WHENEVER your kids want to do something about which you're unhappy - going to a particular disco or staying out late, for example - they'll tell you that everybody else is going and that they are the only ones being forced to miss the fun.
Peer pressure is one of the strongest arguments a youngster can use in order to get her own way.
Some parents, of course, are anxious for their children always to be in the swim and to do what everyone else is doing, but other mums and dads capitulate with reluctance, knowing in their hearts that 15 year old Mary should be in her bed, rather than dancing till dawn and then finding her own way home through potentially dangerous streets.
Many parents are in a quandary: how and where do you draw the line between what is acceptable and unacceptable behaviour, when your children's friends appear to be bound by no such limits?
They are also reluctant to appear heavy handed and authoritarian, fearing that if they hold firm on an issue they ill alienate their children.
The experts call it a "crisis in parenting". And it's something that's happening all over the western world. In a period of rapid social change, parents are beginning to doubt the efficacy of the values that they inherited from their own parents.
However, limits are important for children and young people, and by failing to set them, parents may be hindering their offspring's developing into responsible, mature adults, experts say.
"At times it appears that parents are fearful of their children, because they feel that their offspring know more than they do about the world and are wiser," says Father Padraig Greene, director of the Family Centre in Boyle, Co Roscommon.
"Very often parents don't appreciate their own abilities and experiences in life. They lack confidence in themselves and believe that they lack the necessary skills to cope with the demands of adolescents."
A problem for some parents is the fact that they fail to set "limits early in a child's life. "It's extremely difficult to set limits in the teenage years when there's been no tradition of them in the child's earlier upbringing." Limits, which are often viewed as punishment, are in fact all about having a sense of responsibility, he says.
Rebellion is normal in adolescence, psychologists tell us - in fact if your teenager fails to rebel, you may have a problem.
"Teenagers find their parameters through their parents by means of trial and error and rebellion," says Pat O'Connor, headmaster of St Enda's Community School, Limerick. "The psychologist Anthony Storr says that if adolescents don't sharpen their teeth on their parents, they are unable to develop and stand on their own feet."
Problems arise when parents fail to lay down clear cut value positions, against which youngsters can rebel, but which they will eventually come to accept, he says.
SELF ESTEEM is the vital ingredient which ensures that a child matures into a well rounded human being and is able to resist peer pressure.
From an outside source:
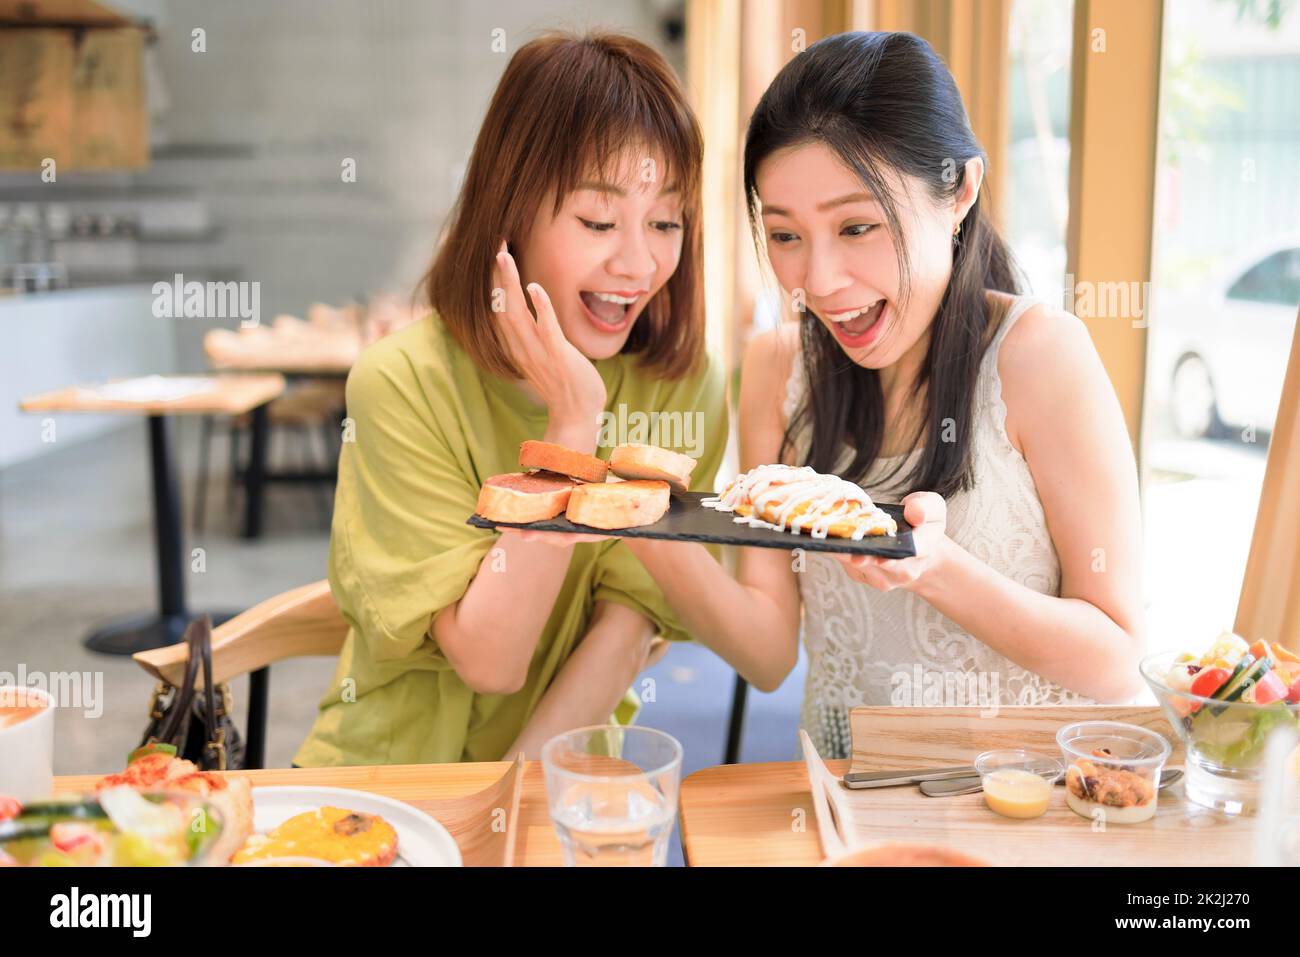 Glückliche Freundinnen, die gemeinsam im Restaurant zu Mittag essen Stockfoto

Self esteem is the greatest gift a parent can give a child, Father Greene argues.
It's important that children walk tall, and that only happens when they have good relationships with their parents and feel lovable and capable of facing society." Peer pressure is more easily resisted if parents have a set of guidelines, rules and values, enjoy healthy, open relationships with their children and discuss with their children the reasons why staying out late, under age drinking, attending undesirable discos and the like are off limits.
Father Greene also suggests that parents should support each other, should know where their children are going and who they are with, know their friends' parents, ensure that they are supervised and know how much money they are going out with. Parents have the right to be involved with their children and know their whereabouts until they are 17 years of age, he says.
One Dublin mother of two teenage boys recommends close collaboration with the parents of your children's friends. "Even if you don't have much in common with them, it pads to cultivate them so that you all know what's going on and can set ground rules together," she says.
Teenagers learn by example - and one thing you can't say to - them is "Don't do as I do, do as I say." One father recalls setting off for a parents' association talk on substance abuse at his 16 year old son's school. Just as he was leaving, the boy said: "And I suppose after you've discussed drugs, you'll all sit down and have a few drinks."
Adolescents are extremely judgmental and are quick to note hypocrisy in their parents' behaviour, O'Connor notes. "They judge their parents on the basis of how they live out their values. Problems arise when children are constantly presented with ambiguity and have nothing to test themselves against.
"Youngsters observe the lifestyle of their parents and absorb it. If youngsters see a working philosophy in which lifestyle and values are in harmony, they are more likely, ultimately, to accept it. If you don't give them standards, they have nothing to come back to."